_INSTRUCTIONS FOR THE TASK_
Pictures stay out of the copy. Retype exactly the lines below from the one with "3: VINTAGE RUSTIC" through the one with "Adlin Царская пишмание".

_RECORDS FOR THIS EXERCISE_
<<<<
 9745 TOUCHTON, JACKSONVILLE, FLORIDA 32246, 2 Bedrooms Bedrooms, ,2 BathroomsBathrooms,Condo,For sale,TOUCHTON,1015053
>>>>
<<<<
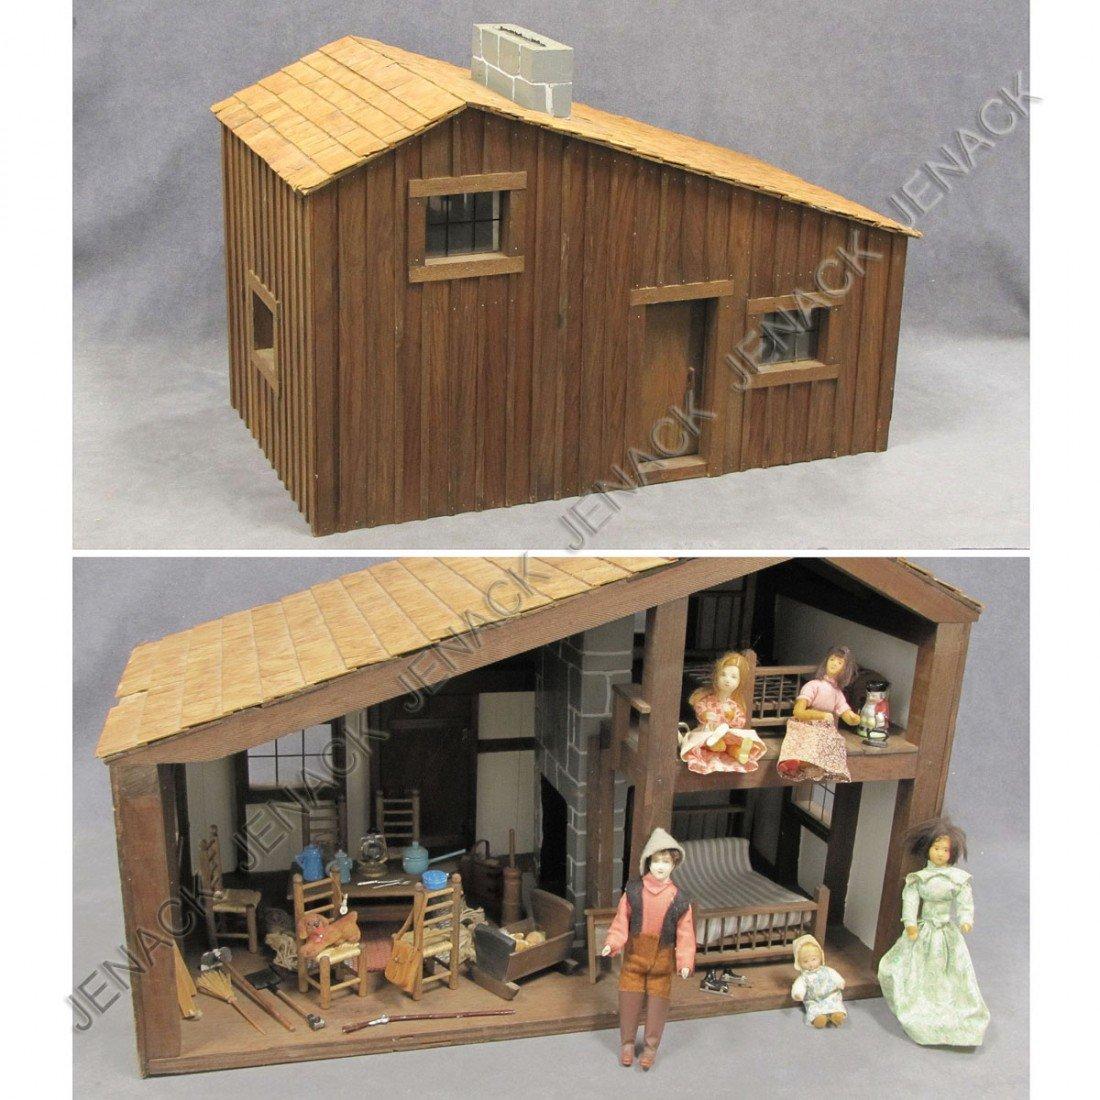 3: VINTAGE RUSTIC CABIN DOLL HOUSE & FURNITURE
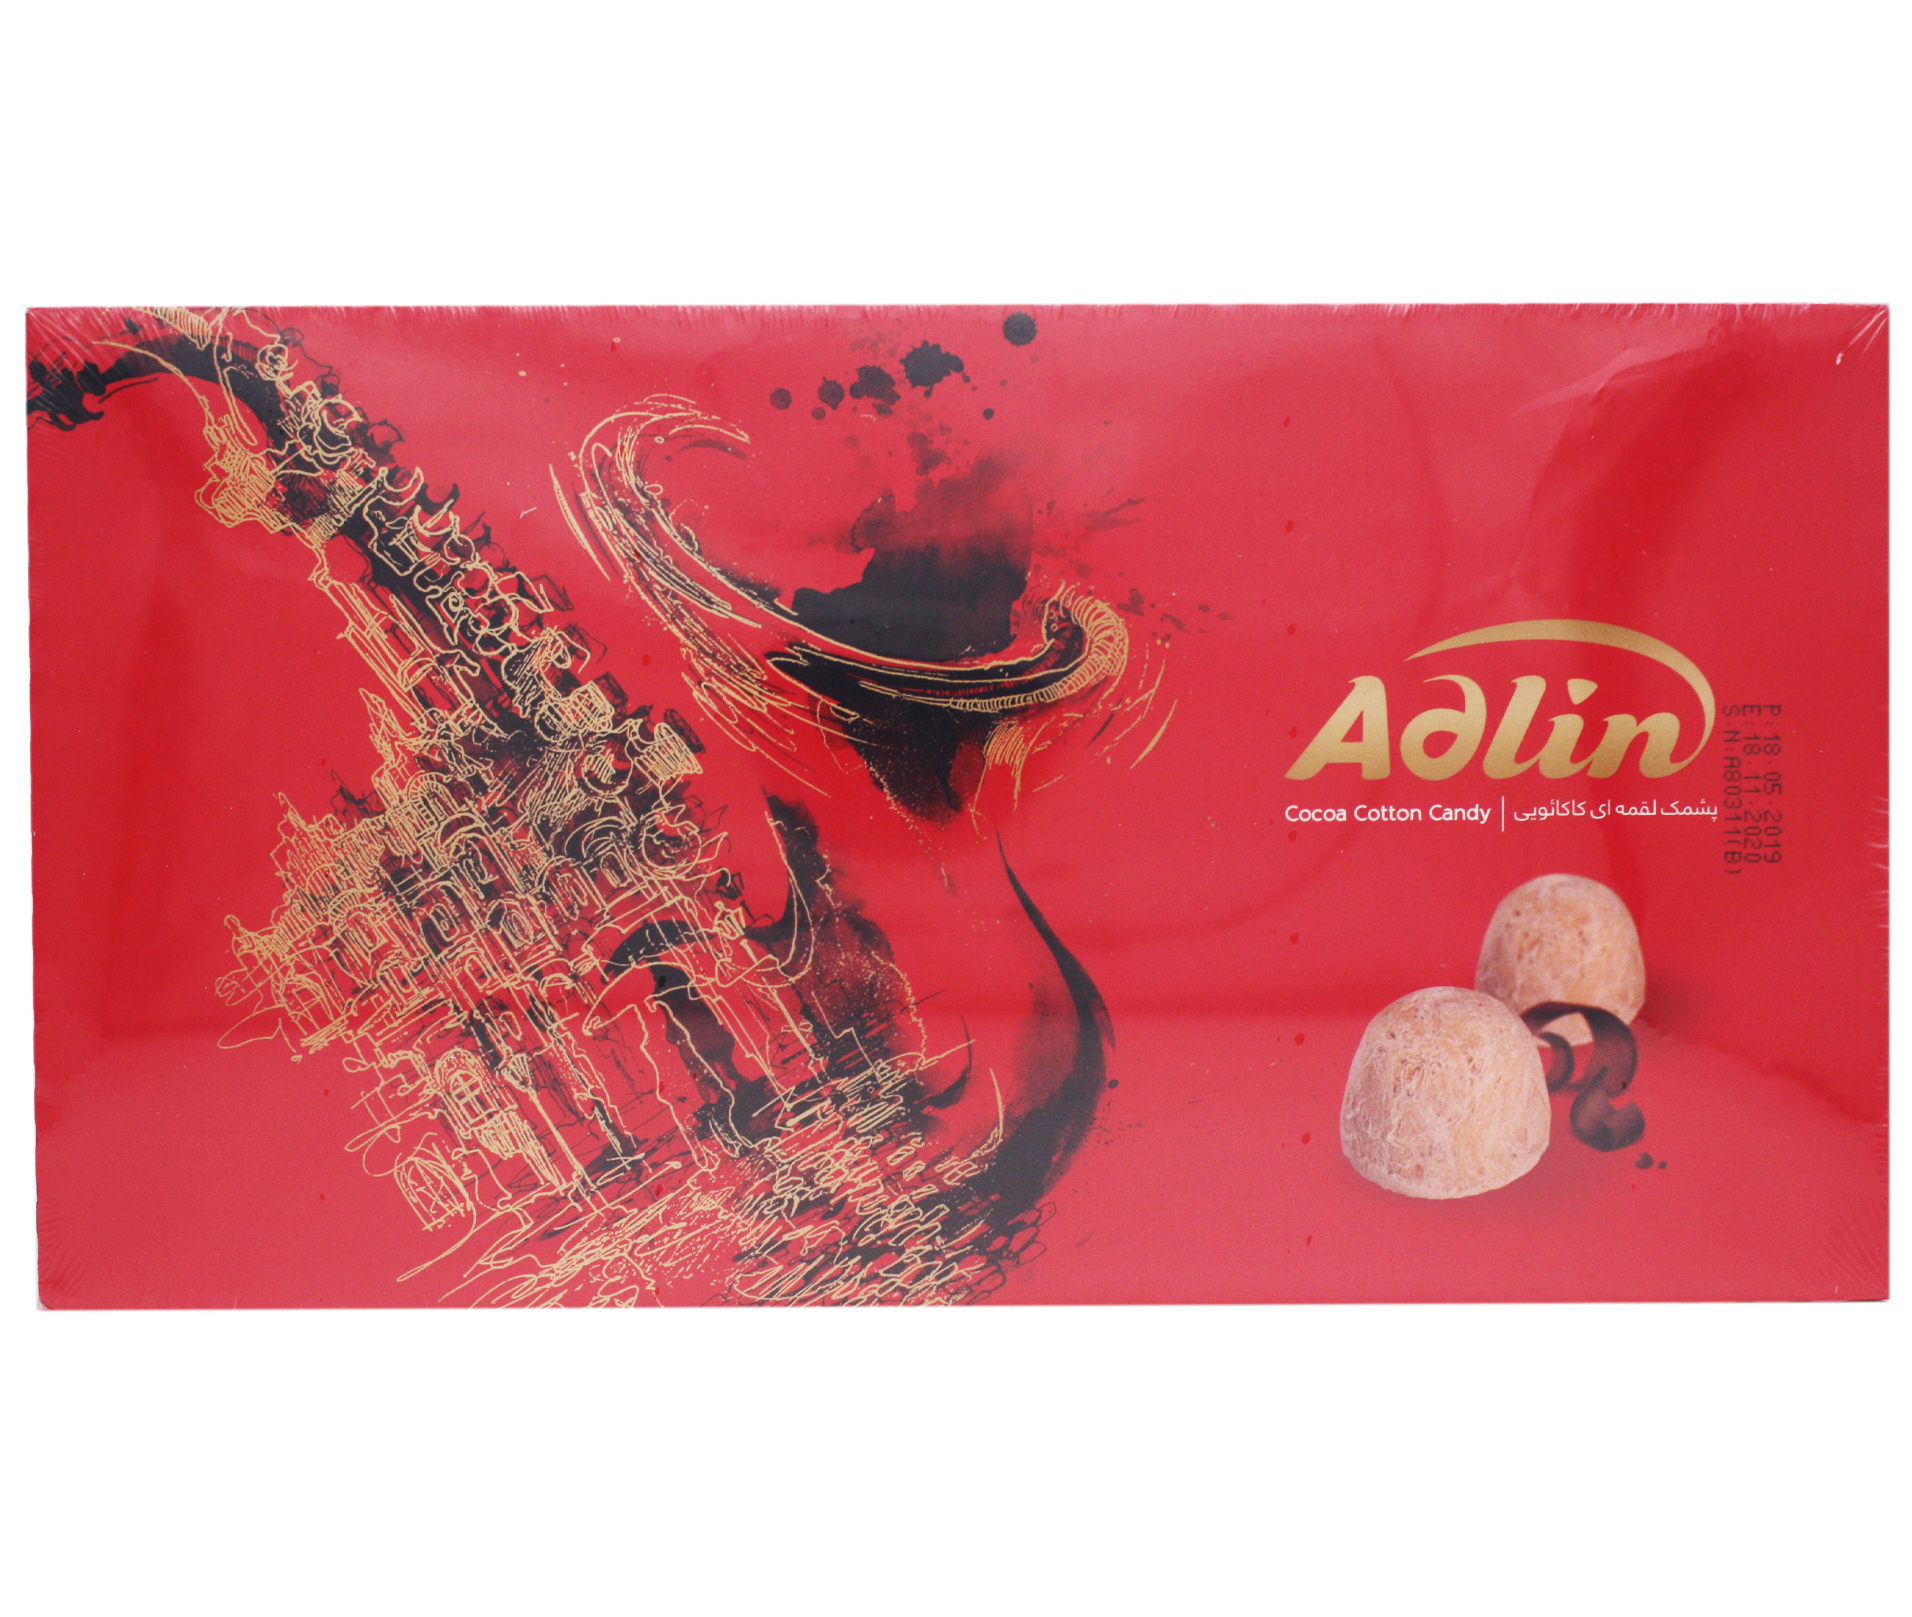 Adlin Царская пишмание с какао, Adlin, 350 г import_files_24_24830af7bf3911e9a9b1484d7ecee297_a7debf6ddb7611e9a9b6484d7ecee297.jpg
>>>>
<<<<
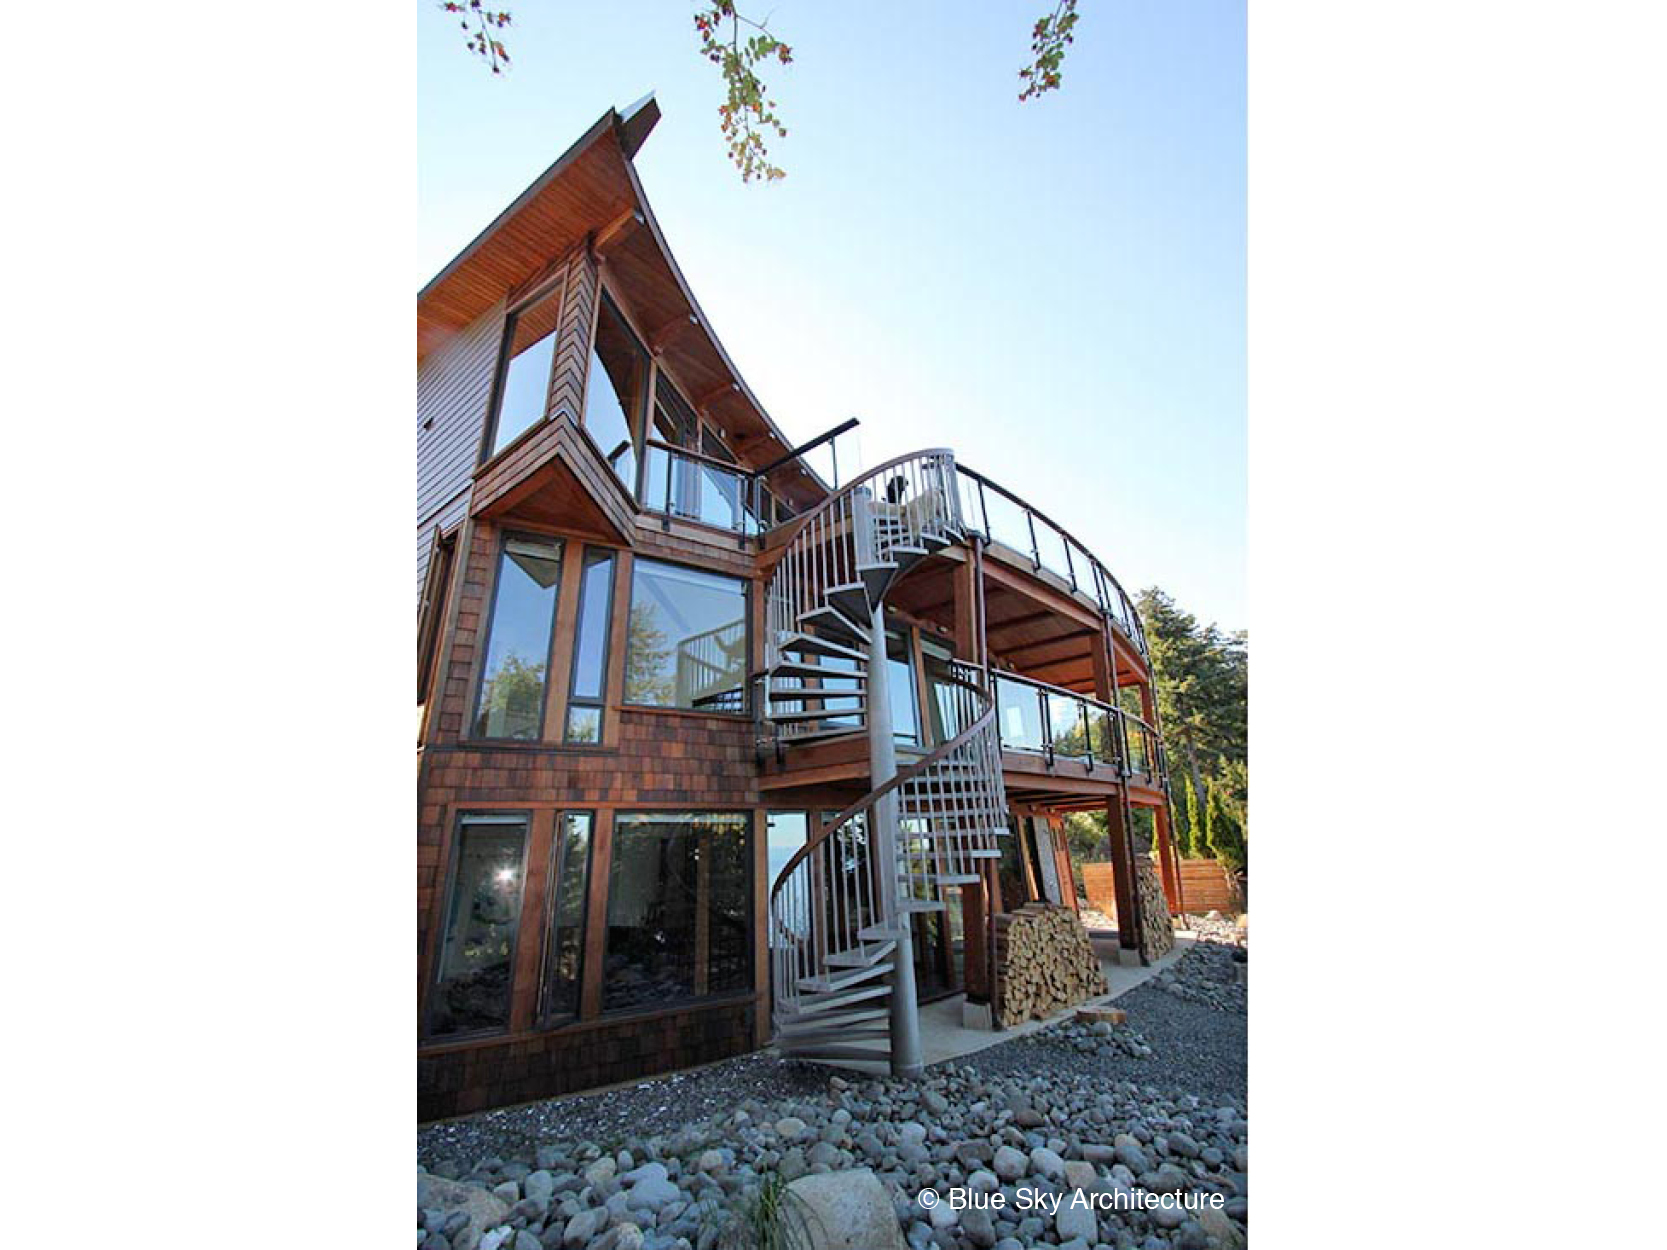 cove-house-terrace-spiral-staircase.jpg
>>>>
_ANSWER FOR THE TASK_
 3: VINTAGE RUSTIC CABIN DOLL HOUSE & FURNITURE
 Adlin Царская пишмание с какао, Adlin, 350 г import_files_24_24830af7bf3911e9a9b1484d7ecee297_a7debf6ddb7611e9a9b6484d7ecee297.jpg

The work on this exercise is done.